— О чем же?
— А все о том же: верующий у нас народ или нет. Вон скамеечка у храма, сядемте и обсудимте, если не возражаете.
Сели, здесь было спокойнее, море житейское как бы обтекало святое место, пусть и закрытое новой властью.
— Вы язык нарочно коверкаете?
— Вослед господину Туркину[2]. «Я иду — пока вру. Вы идете — пока врете». В том смысле, что мы с вами ступаем по ковру. Так что же, Алексей Александрович, вот Белинский утверждал, что церковь наша — всегда раба светской власти, духовенство же — во всеобщем презрении народа. Похабные сказки — про попов, пардон. «Дурья порода», «Жеребцы» — это все русский человек про попа. Что еще? Религиозность есть пиэтизм, благоговение, страх Божий. А мы произносим имя Господне, «почесывая задницу», — так Белинский утверждал. Атеистический народ, пронизанный суеверием, но без следа религиозности! Какие уж тут мистические экзальтации — слишком много здравого смысла, простите! Белинский, знаете ли, предсказал в связи с этим «огромность исторических судеб!» Что скажете, полковник?
Дебольцов ошеломленно качал головой.
— Не знаю… А вы — знаток!
— По должности, не более. Чтобы с революционерами не ошибиться — надобно знать о них по возможности все. Так прав или нет Виссарион Григорьевич?
— Не прав, тысячу раз не прав! Это поклеп, напраслина, вот у нас в семействе, в имении — все были религиозны! Службы посещали, пост — соблюдали строго, даже по средам и пятницам. А вы говорите…
— Я-то ничего не говорю, это Белинский утверждает. Что до среды и пятницы — здесь вера, простите, ни при чем-с… Здесь скорее обычай, привычка. Вера — всегда экзальтация, — если она вера, понимаете? А механически бормотать под нос — извините. Вот и выходит: готов народ к большевистской революции…
До поворота с Невского на Морскую шли как во сне, и все: «Помните, Петр Иванович?» — «Еще бы, полковник!» — «А вот Елисеев! Боже ты мой!

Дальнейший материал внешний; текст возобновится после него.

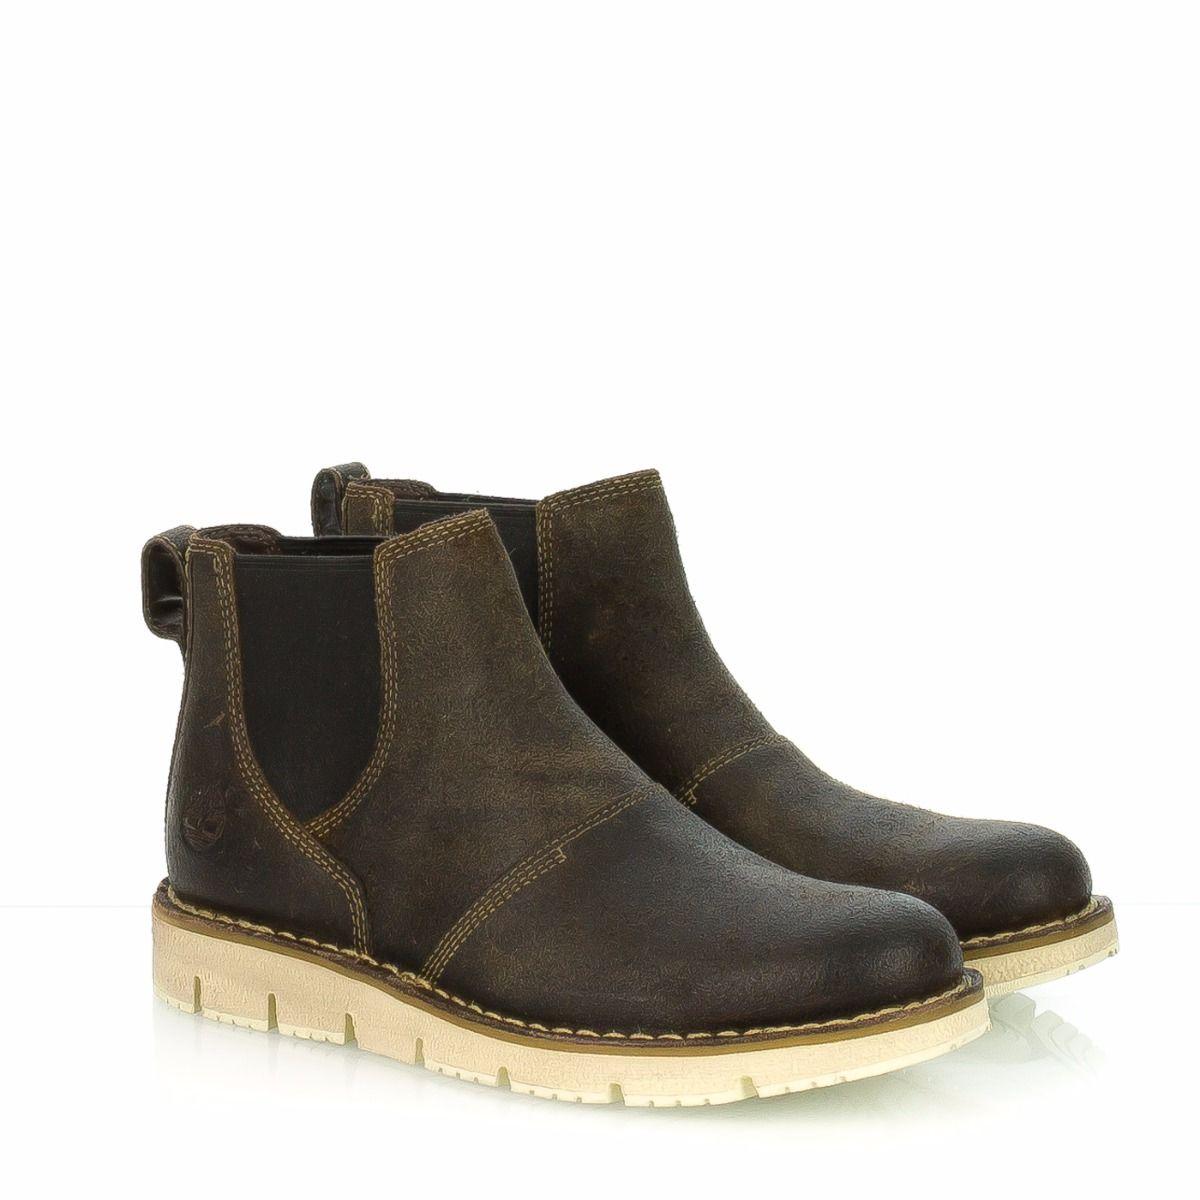 fed5b61cd6f8d7 Stivaletto da uomo TIMBERLAND A16EF pelle marrone |Spedizione gratuita|Shop  online|Shoe Center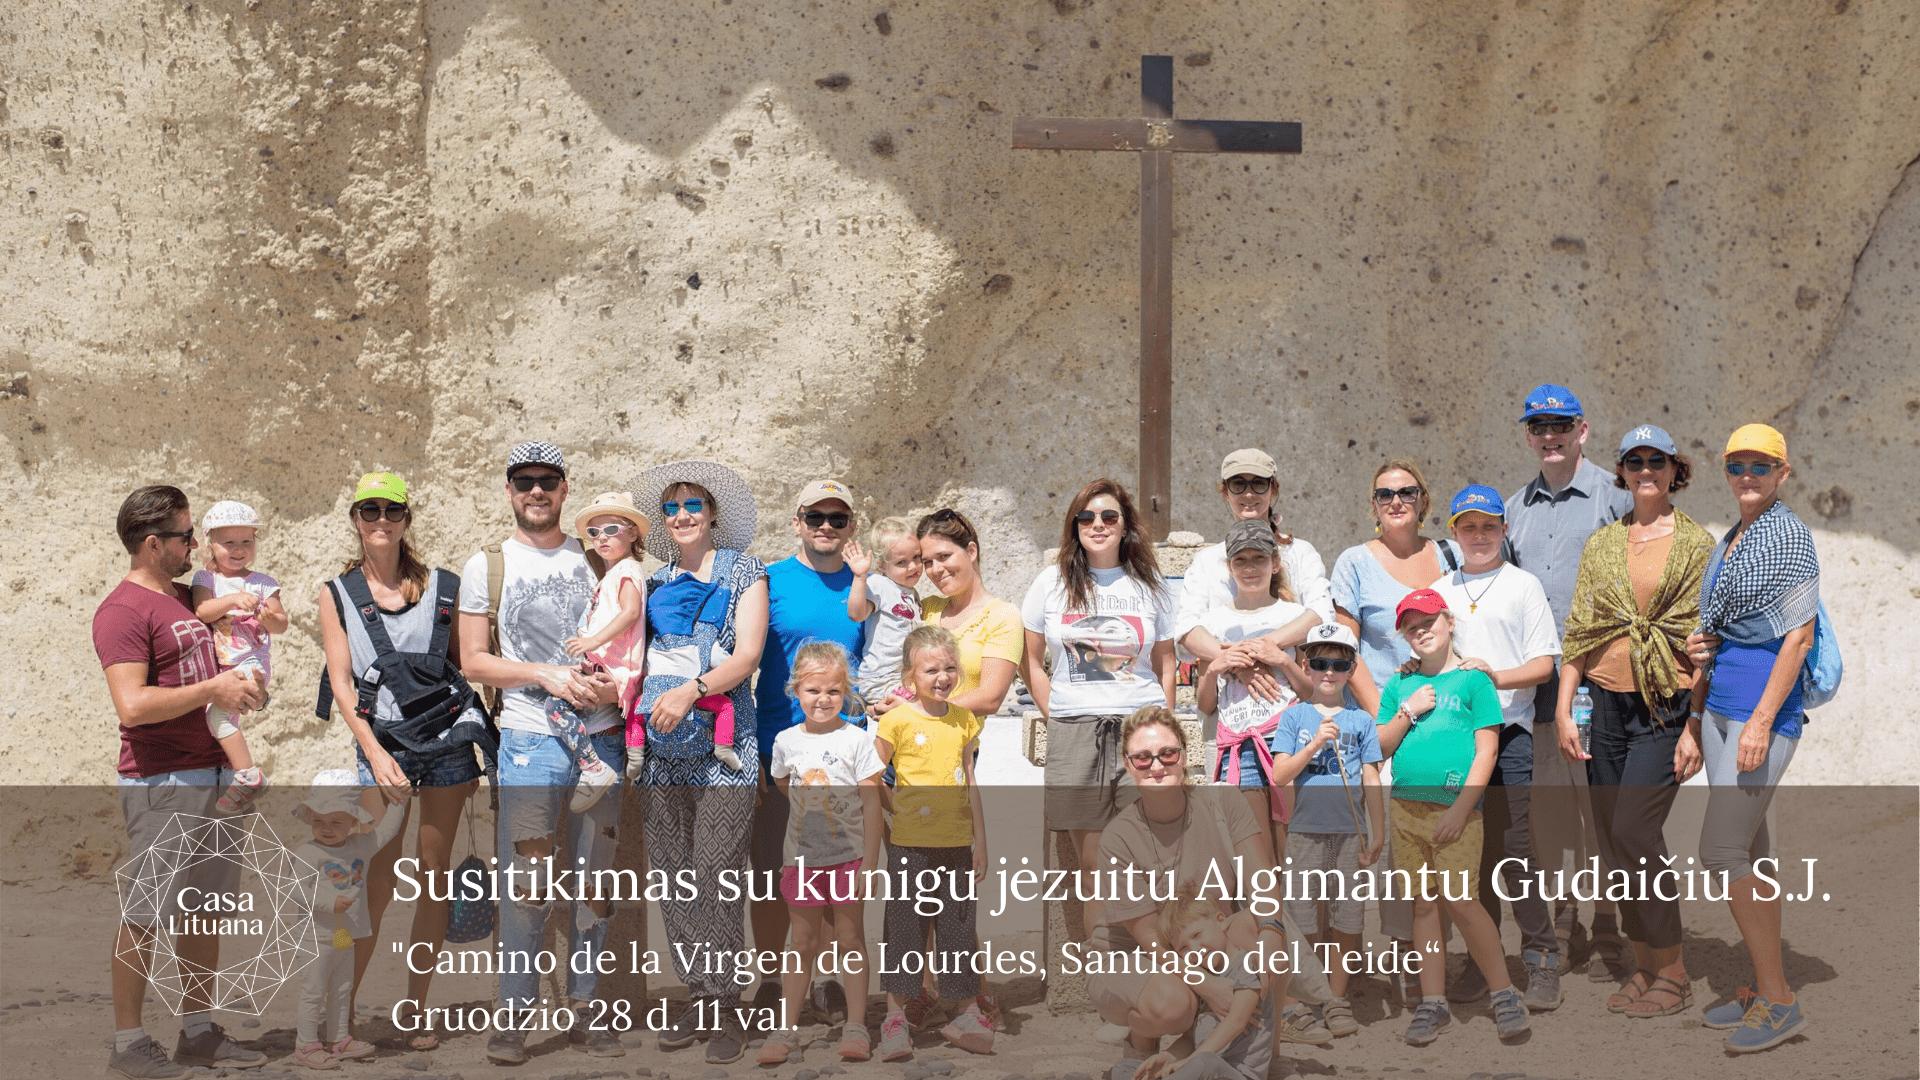 Kalediniai renginais Tenerifeje, Zygis su kunigu

Неужели мы это все ели когда-то?» — «Кушали, Алексей Александрович, но очень странно, согласен…» На повороте открылся бывший «Демут», а там, дальше, невидимый, стоял «Донон» — всей гвардии ресторан, и горестно и сладко было от воспоминаний…
Миновали Исаакий и Мариинский, Бабин пошел медленнее; слева лежал Вознесенский проспект:
— Дом угловой, видите? А за ним? Да вот — арка, подворотня то есть темнее? Здесь Раскольников вещицы старухи-процентщицы под камушком прятал… Я в кадетском обретался, сколько лет тому, а ведь специально пришел… Поразил меня Родион Романович…
— А кто это? Раскольников? — спросил Дебольцов. Достоевского он в своем неразборчивом чтении не захватил.
— Да так… — деликатно отмахнулся Бабин. — На этой стороне ваш дом?
Ответить Дебольцов не успел. Послышались крики, толпа человек в пятьдесят волокла по земле черный куль, вопя матом и ширяя ногами. Куль извивался, донеслись слова: «Братцы, братцы, да не воровал я, не воровал! Я хороший, дети есть…» — «Бей его!» — отвечали из толпы. — «Забить! Запороть! Урка это! Блатной!» — «Вот свидетель! Свидетель, кричи!» — «Сумку продуктовую! Пустую! От бабушки досталась! Вырвал! Из рук вырвал!»
Подтащили к парапету у реформатской кирхи, вопли усилились, Бабин процедил сквозь зубы: «Сейчас утопят»; из дверей выскочил революционный патруль — должно, шерстил пасторов за ненужную веру неизвестно в кого, — трое матросов с красными повязками. «В чем тут?» — заорал, видимо, старший, вор канючил: «Убивают, ваше благородие!» — «Благородие? — недобро протянул тот. — Ну так товарищ Ленин велит контрреволюцию подвергать! Топи его!» И несчастный полетел в воду. Несколько мгновений он барахтался, пытаясь удержаться на поверхности, потом забулькал и исчез…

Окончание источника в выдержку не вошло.